Feel free to tell me that what is wrong with me is no small thing. Mt wife does it all the time.

Thank you

Andy


----------



## reiddog1 (Oct 23, 2013)

Look at PSI.  Can't recall the name of the kit though.

Dave


----------



## PenMan1 (Oct 23, 2013)

You did see that on this site. It's made by Schmidt and at one point, both Richard Greenwald and Indy Pen Dance carried these in stock.

Other vendors MAY HAVE THEM, but I did recently see them on Richard's website.

I'll try to find the link and post it.

Sounds like you get enough grief from SWMBO, so I won't chime in


----------



## Adillo303 (Oct 23, 2013)

SWMBO is probably the most right on expression of all time. LOL


----------



## whdixon (Oct 23, 2013)

I saw this style of pen at PSI.  It's called "Fountain Flow" and is on the Classic Elite Petite.  I am guessing that since the pen is shorter than a regular rollerball, they accommodated by using an ink cartridge.


----------



## PenMan1 (Oct 23, 2013)

Search Results : Richard L. Greenwald, LLC, Pens, Pens Parts and Photographs

Here's the link to the Schmidt cartridge roller ball.


----------



## Adillo303 (Oct 23, 2013)

Thank you all very much.
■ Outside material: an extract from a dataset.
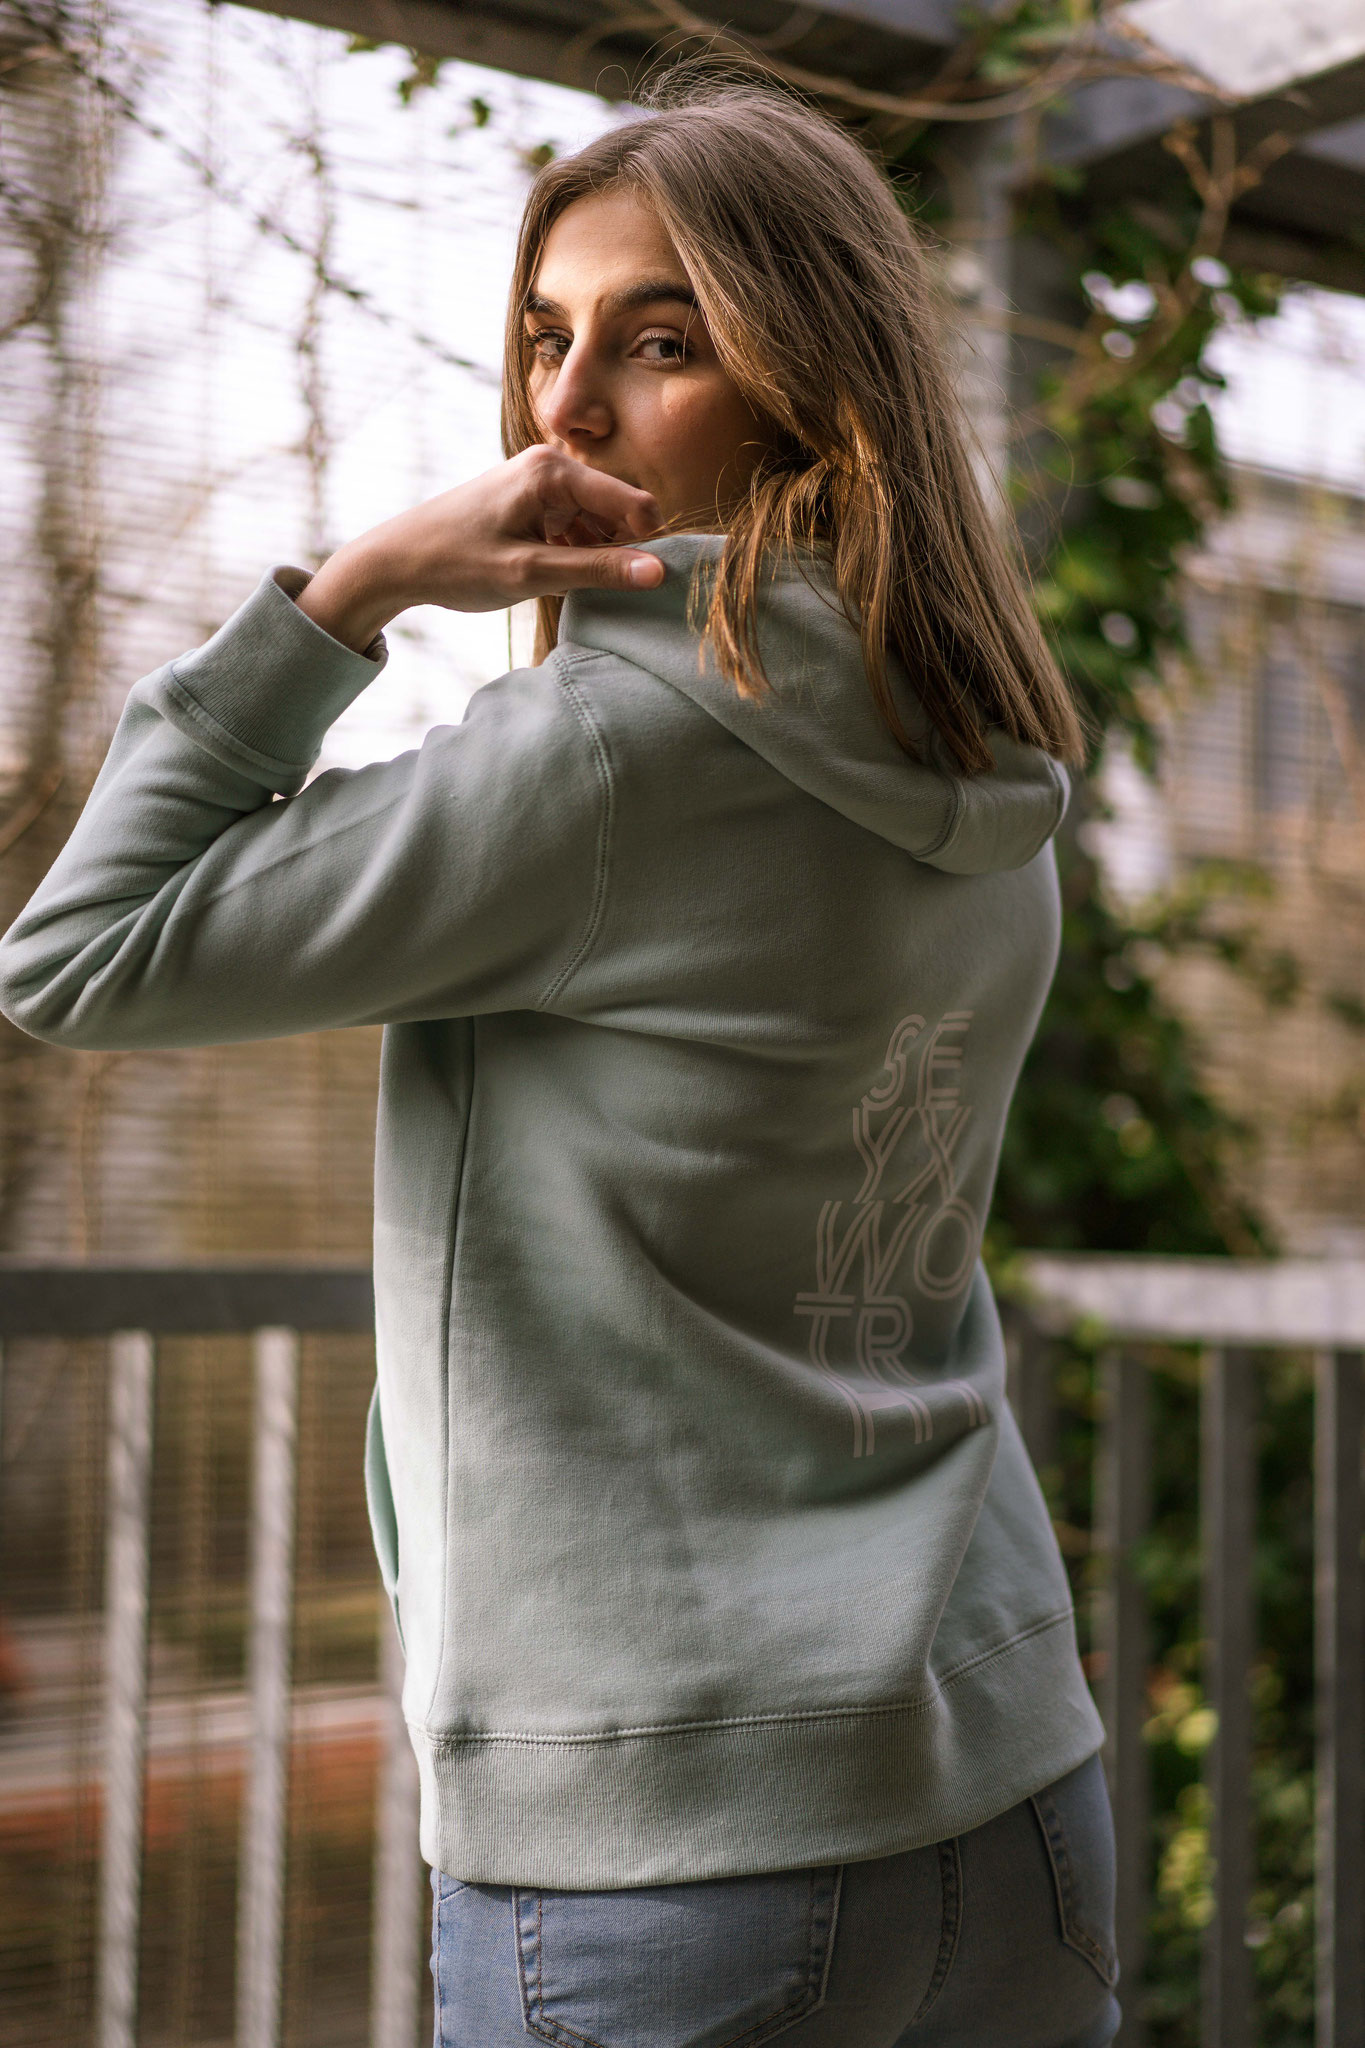 Pastelgroene sweater met witte print Sexy & Worthy - Iwrite4U merch

Sorry to take up your time with noobish questions.


----------



## PR_Princess (Oct 23, 2013)

reiddog1 said:


> Look at PSI.  Can't recall the name of the kit though.
> 
> Dave



Link - 

Classic Elite Petite 24kt and Gun Metal Fountain Flow Rollerball Pen Kit at Penn State Industries

Rollerball/fountain tip comes standard with this kit. Therefore no need to get a tap to retap any threads.


----------



## Mason Kuettel (Oct 23, 2013)

http://www.penturners.org/forum/f13/full-custom-rollerball-115520/

Looks like this may be some great pictures of an awesome pen that uses it!


----------